=== Begin Enclosure ===

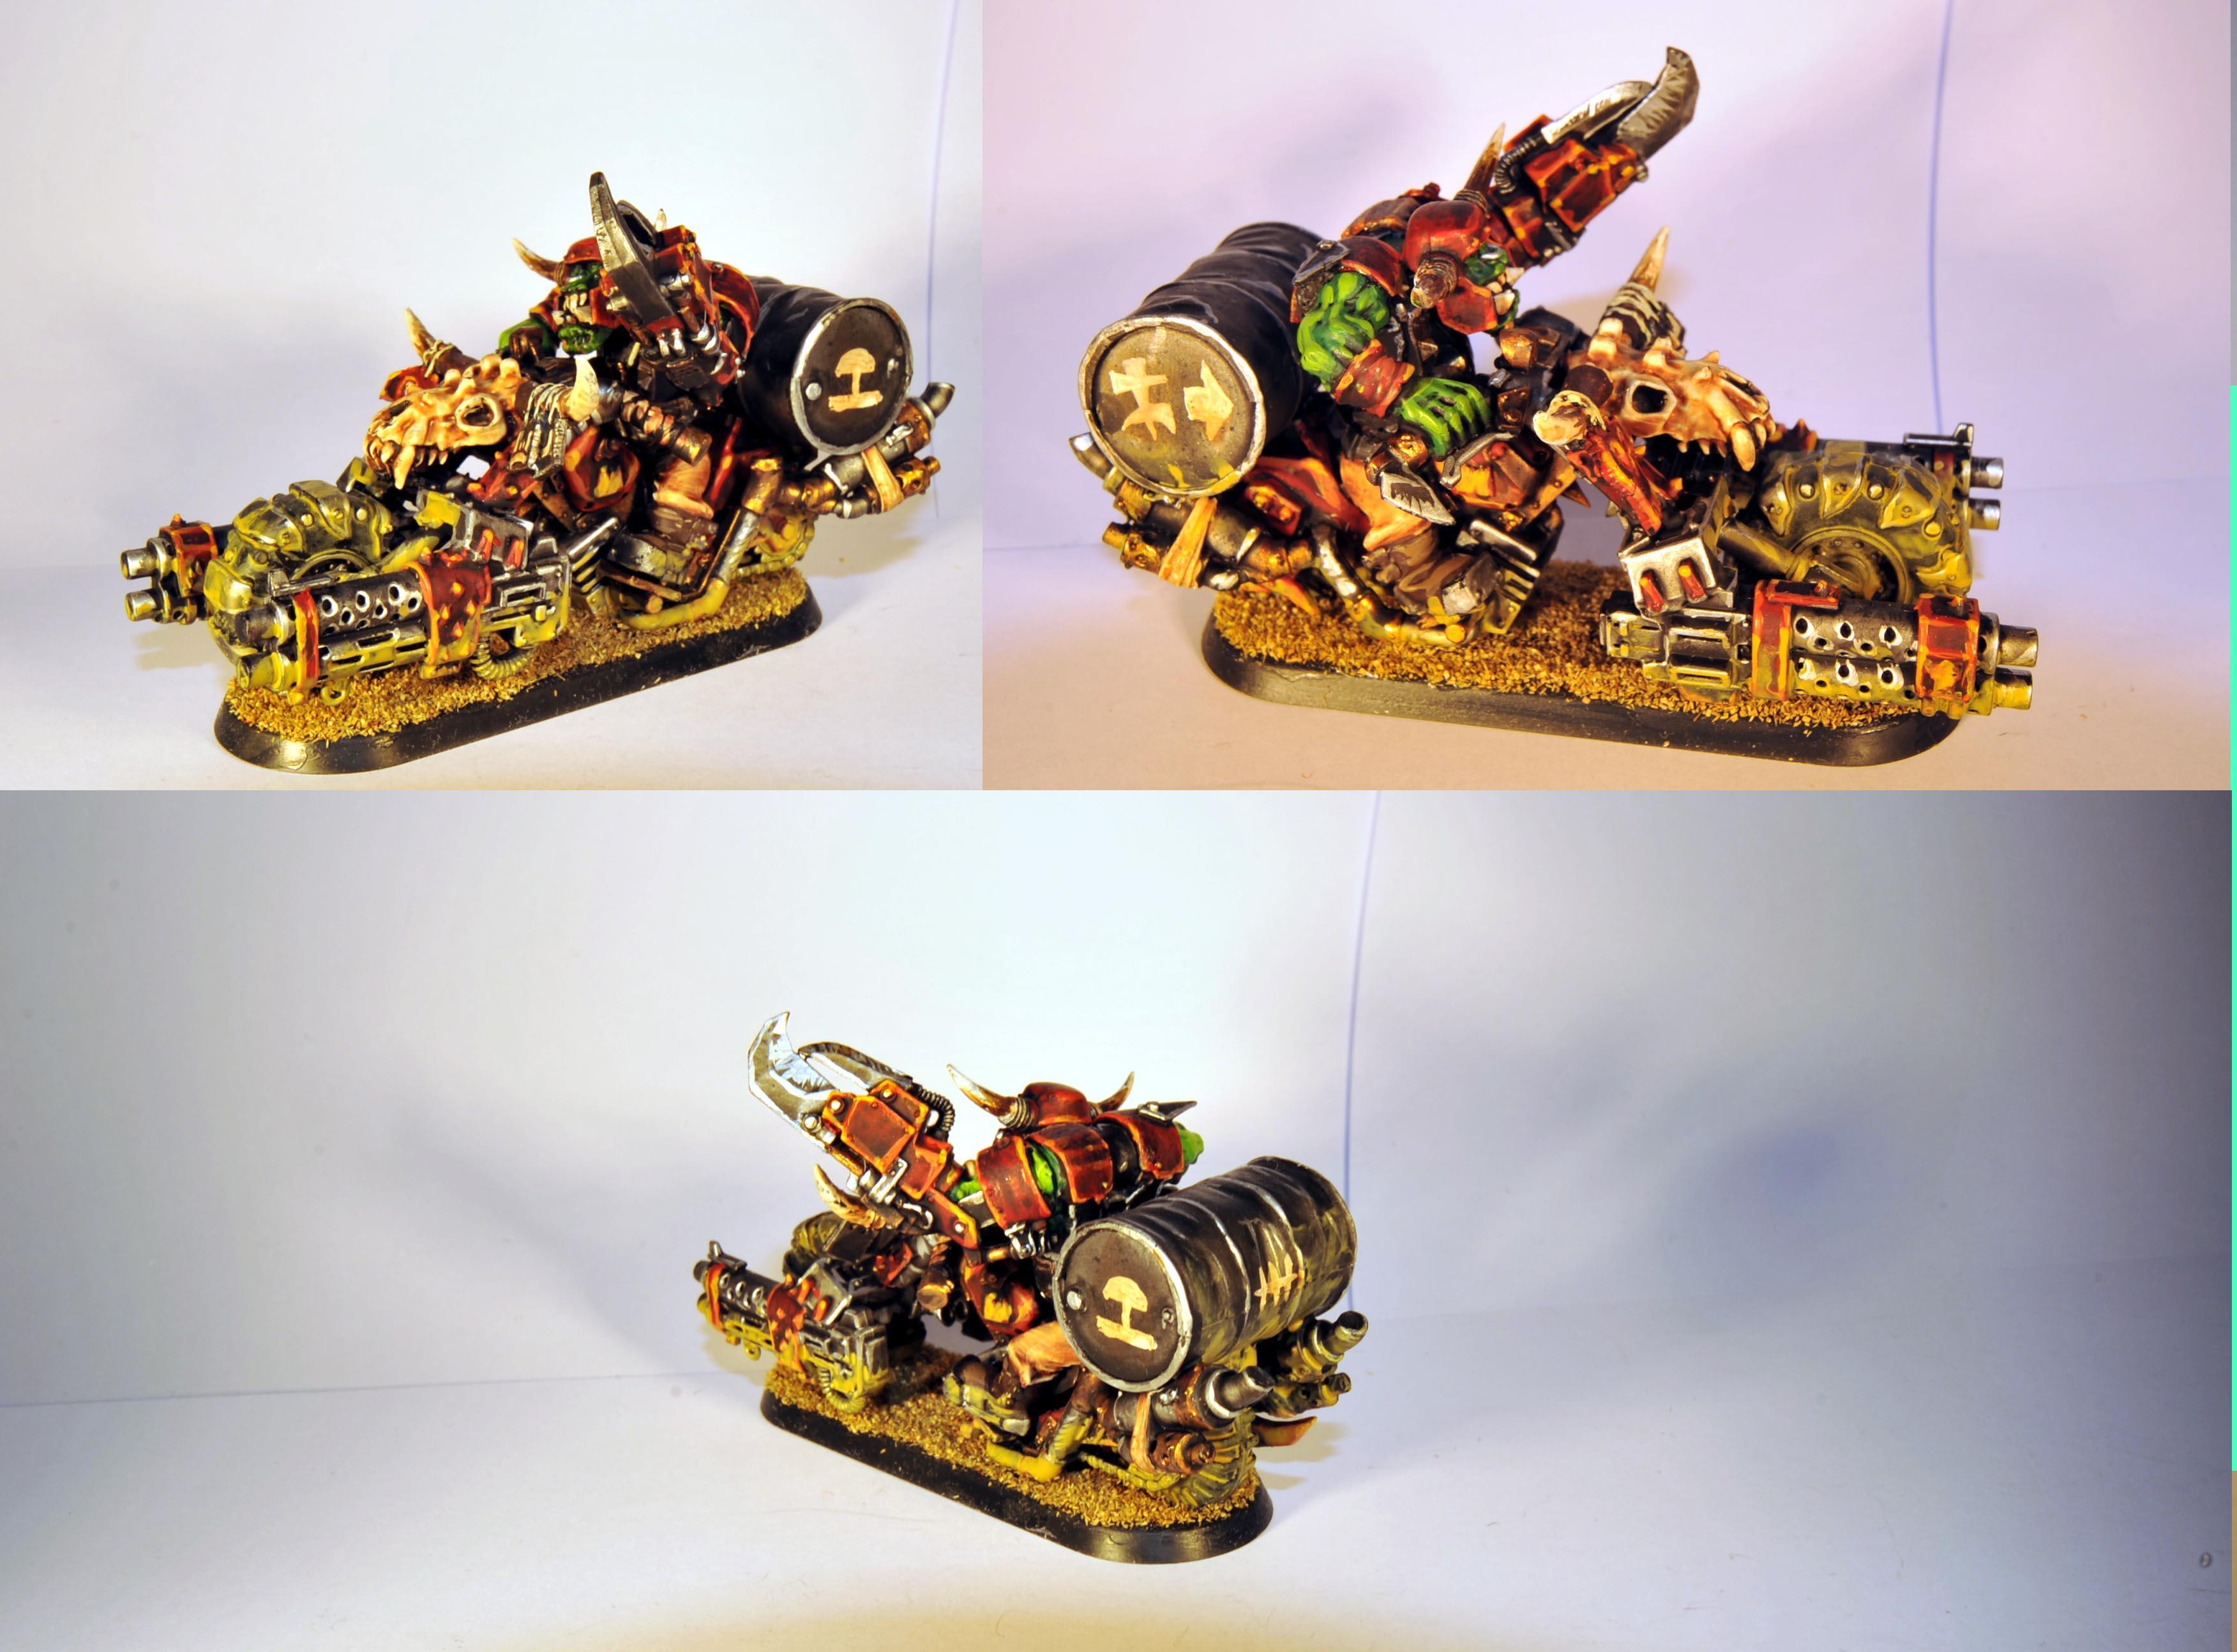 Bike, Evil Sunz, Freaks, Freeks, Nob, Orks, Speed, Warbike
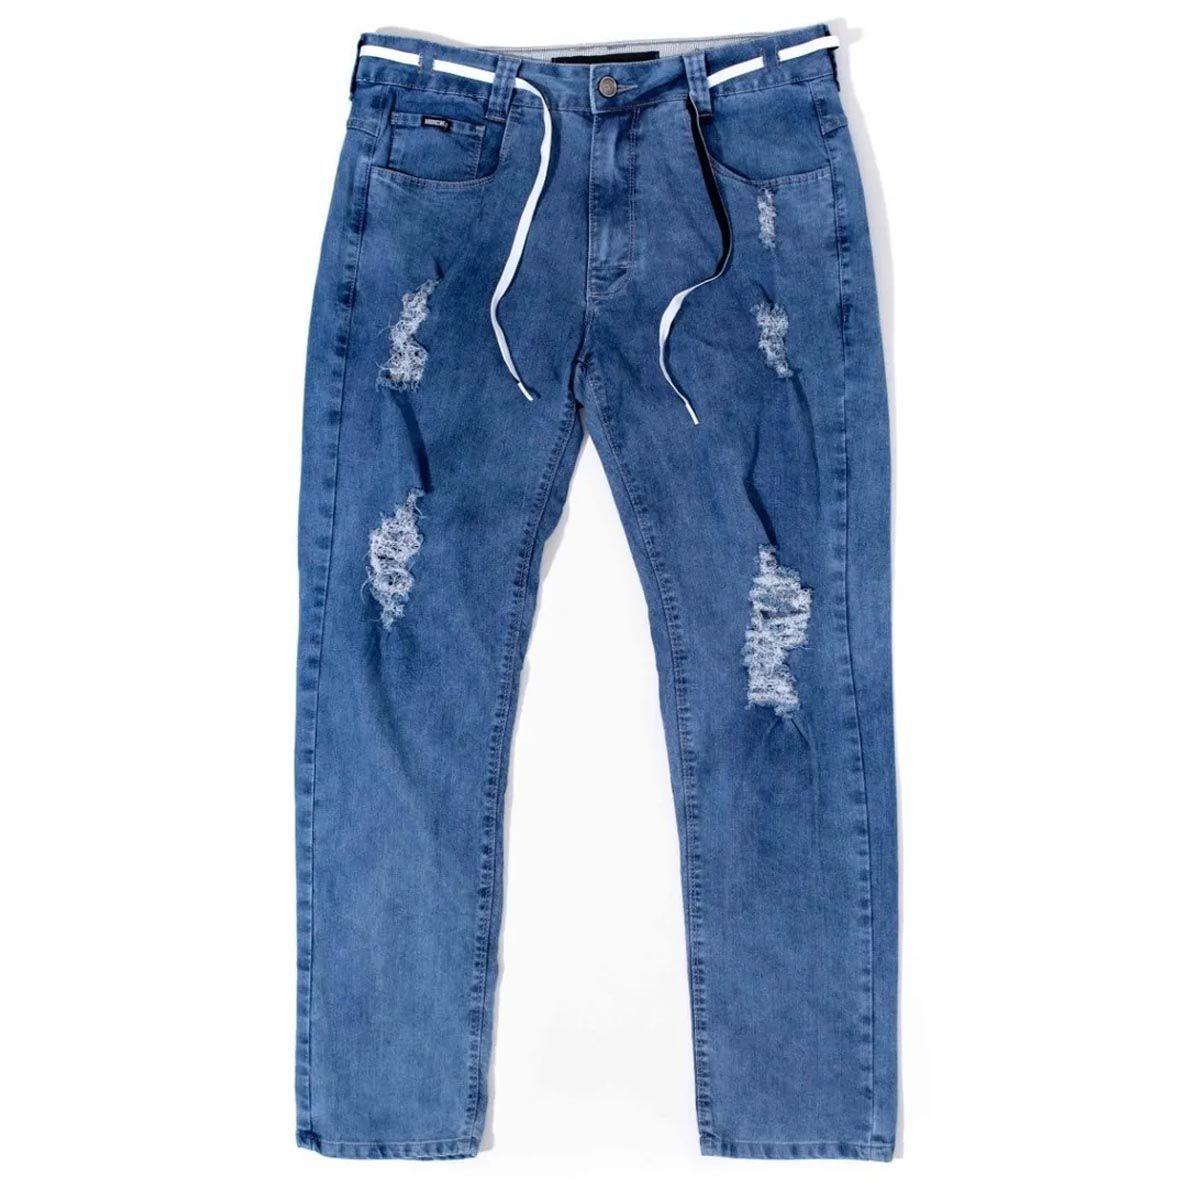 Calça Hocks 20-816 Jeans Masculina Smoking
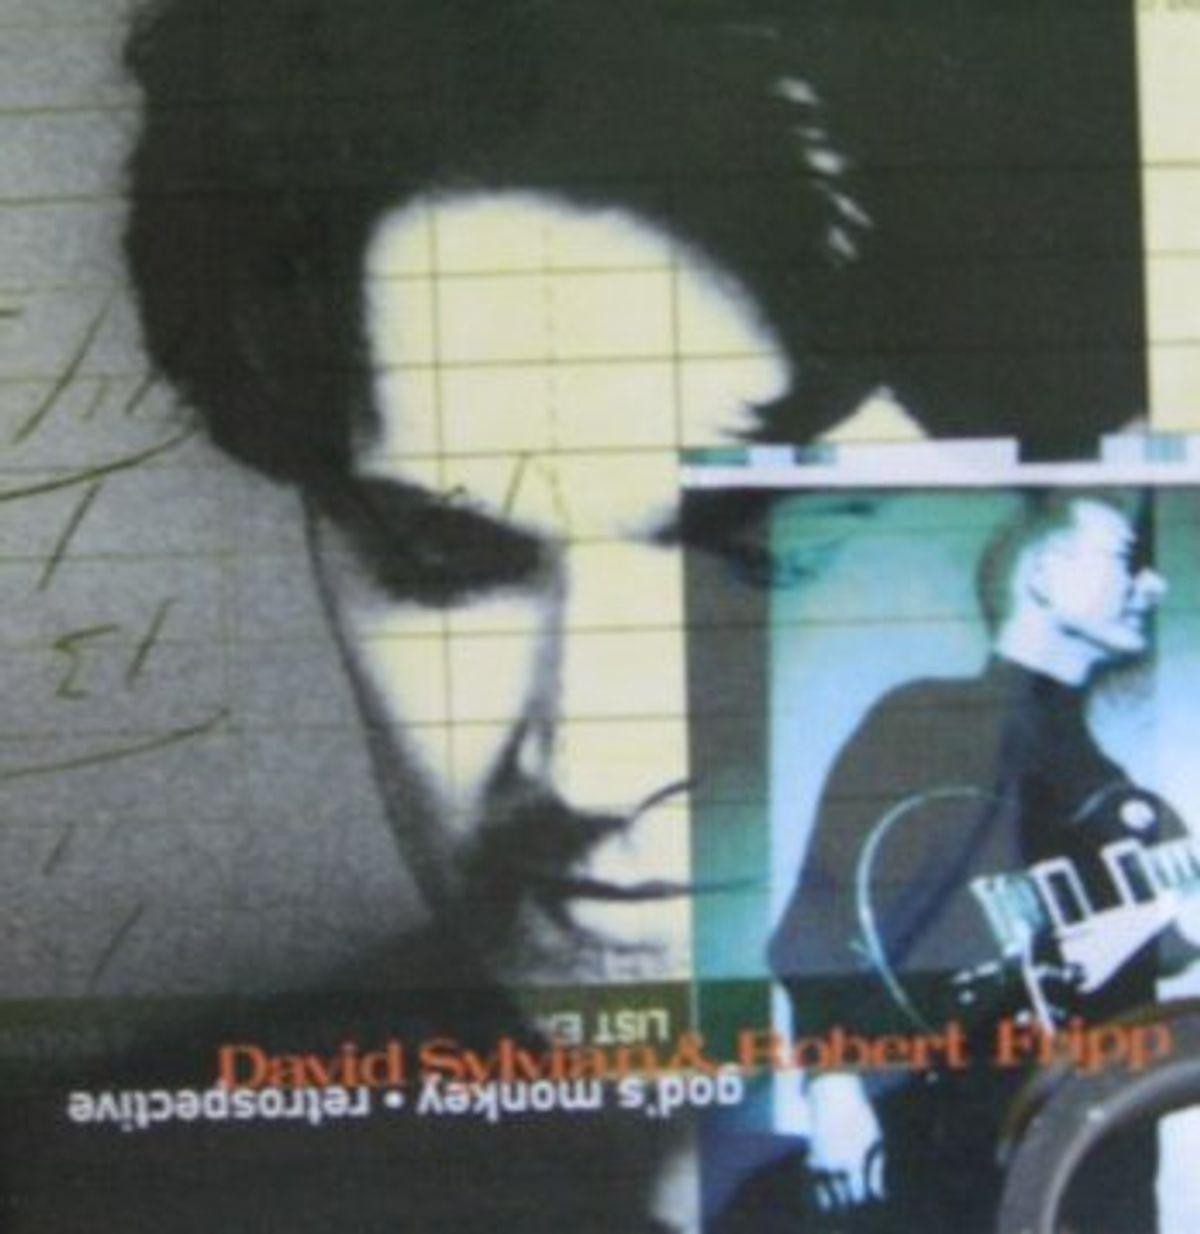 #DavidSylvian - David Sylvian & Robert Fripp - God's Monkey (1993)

=== End Enclosure ===

_The task:_ With the pictures set aside, write out the whole listing exactly.

_Answer to this problem:_
 Bike, Evil Sunz, Freaks, Freeks, Nob, Orks, Speed, Warbike
 Calça Hocks 20-816 Jeans Masculina Smoking
 #DavidSylvian - David Sylvian & Robert Fripp - God's Monkey (1993)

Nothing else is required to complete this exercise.